Getting it right means much better satisfaction levels with government. Just look at New South Wales. Doing otherwise means the polar reverse, as illustrated by the ATO.

Yet what people often forget is that new levels of online convenience, especially in government, are heavily dependent on linkages between agencies that allow data to be updated consistently across multiple systems that are often decades old.

In the case of the myTax problems this week, substantial attention has also been drawn to the role of myGov that remains the foundation for a national digital identifier that could weave together secure access and automated transactional capability multiple accounts across both government(s) and the private sector.

Banks, particularly the Commonwealth Bank of Australia, have made it clear at a public policy level that there needs to be a consistent and secure architecture for digital identities for the tangible benefits of the digital economy to be realised.

Now this week’s conspicuous knee skinning at the ATO is by no means a deal breaker in terms of wider confidence of the digital government goal; at least the ATO is trying to run.

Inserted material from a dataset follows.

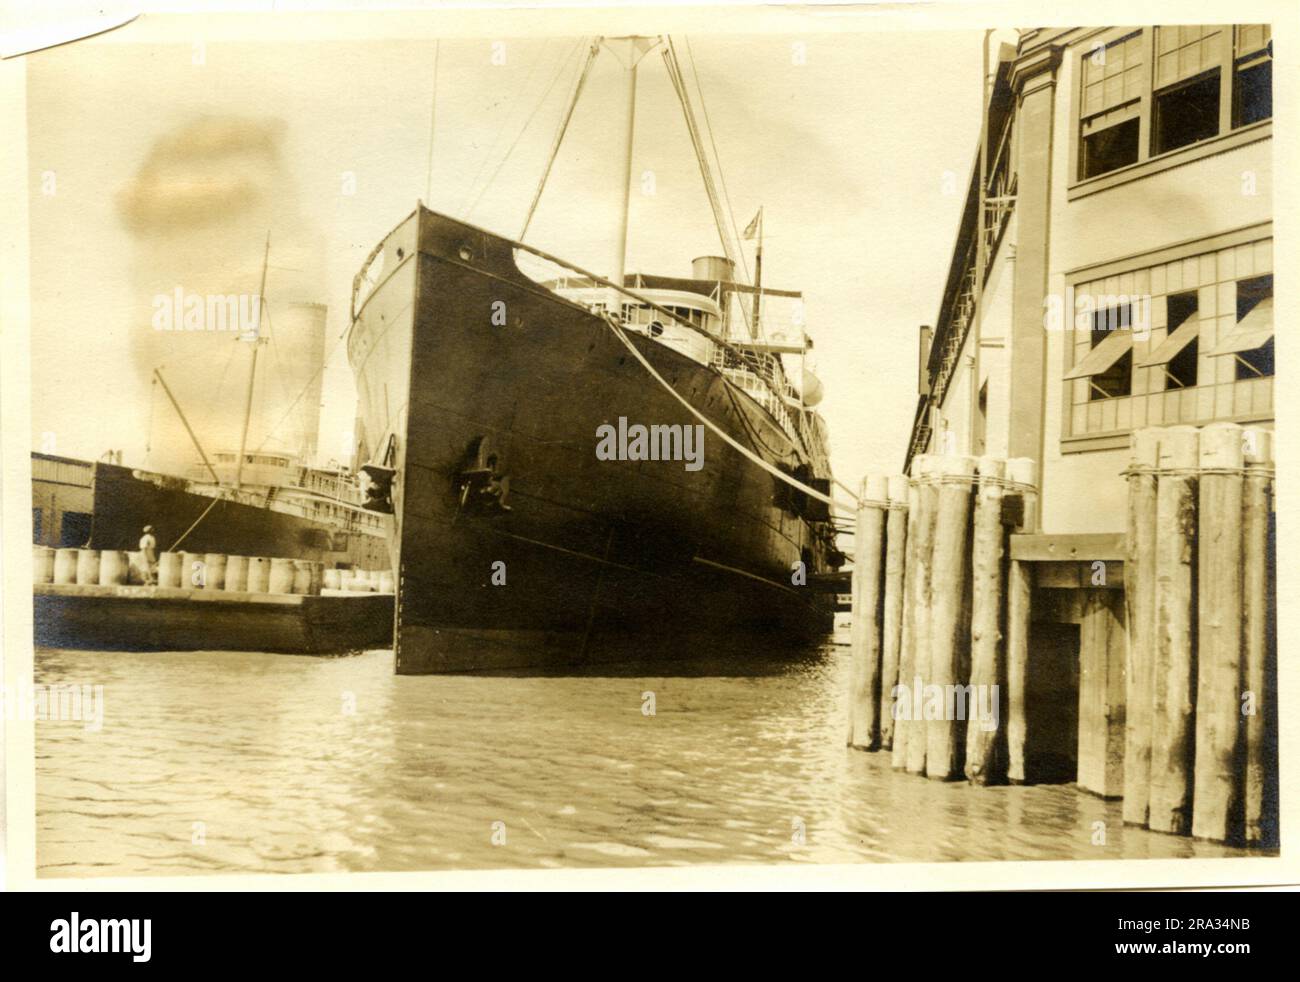 Photograph of the Port View of the SS City of St. Louis. Port View. Date: - July 19, 1918. Photograph Of: - S. S. City Of St Louis. Nationality: - American. Tonnage: - 5425. Captain: - L. Dalzell. Owners: - Ocean S. S. Co. Where From: - Boston, Mass. Destination: - Boston, Mass. Where Photographed: - Savannah, GA. Sixth Naval District. By Whom Photographed: - J. B. Dearborn. Date Photographed: - July 13th., 1918.. 1918-07-13T00:00:00. Stock Photo

It does however vividly illustrate the steep learning curve and high stakes that big government agencies face in meeting Communications Malcolm Turnbull’s mandate to get 80 per cent of services and transactions online by 2017.

The biggest problem to date between government agencies and the computer systems that enable automated and efficient customer interactions is that they have historically been constructed in isolation, thus making them difficult and prohibitively expensive to integrate until they are due to be replaced.

Australia’s three-tiered system of government has also provided a nasty multiplier of complexity where the so-called rail guage scenario is repeatedly played out across jurisdictions to construct a hairball of incompatibilities.

New South Wales Finance Minister Dominic Perrottet has already spelled out the need for a collaborative approach on matters of identity in the digital age as the state implements digital licencing.

The challenge for Canberra now is twofold.

First, it needs to demonstrate that it can come up with a robust digital identity model that works at both a technical level but can also be adopted by state and local government as well as private industry if need be.

Second, major agencies and their ministers must demonstrate that they can quickly remediate and learn from problems like those experienced by the ATO over the past week.

Banks, major corporations and the disruption industry have for more than a decade paid top dollar for digital talent that delivers them tangible benefits and confers an advantage in project execution when it comes to delivering productivity, efficiency and innovation.

Perhaps it’s time for government to try and recruit some of that talent rather than running internecine industrial relations battles.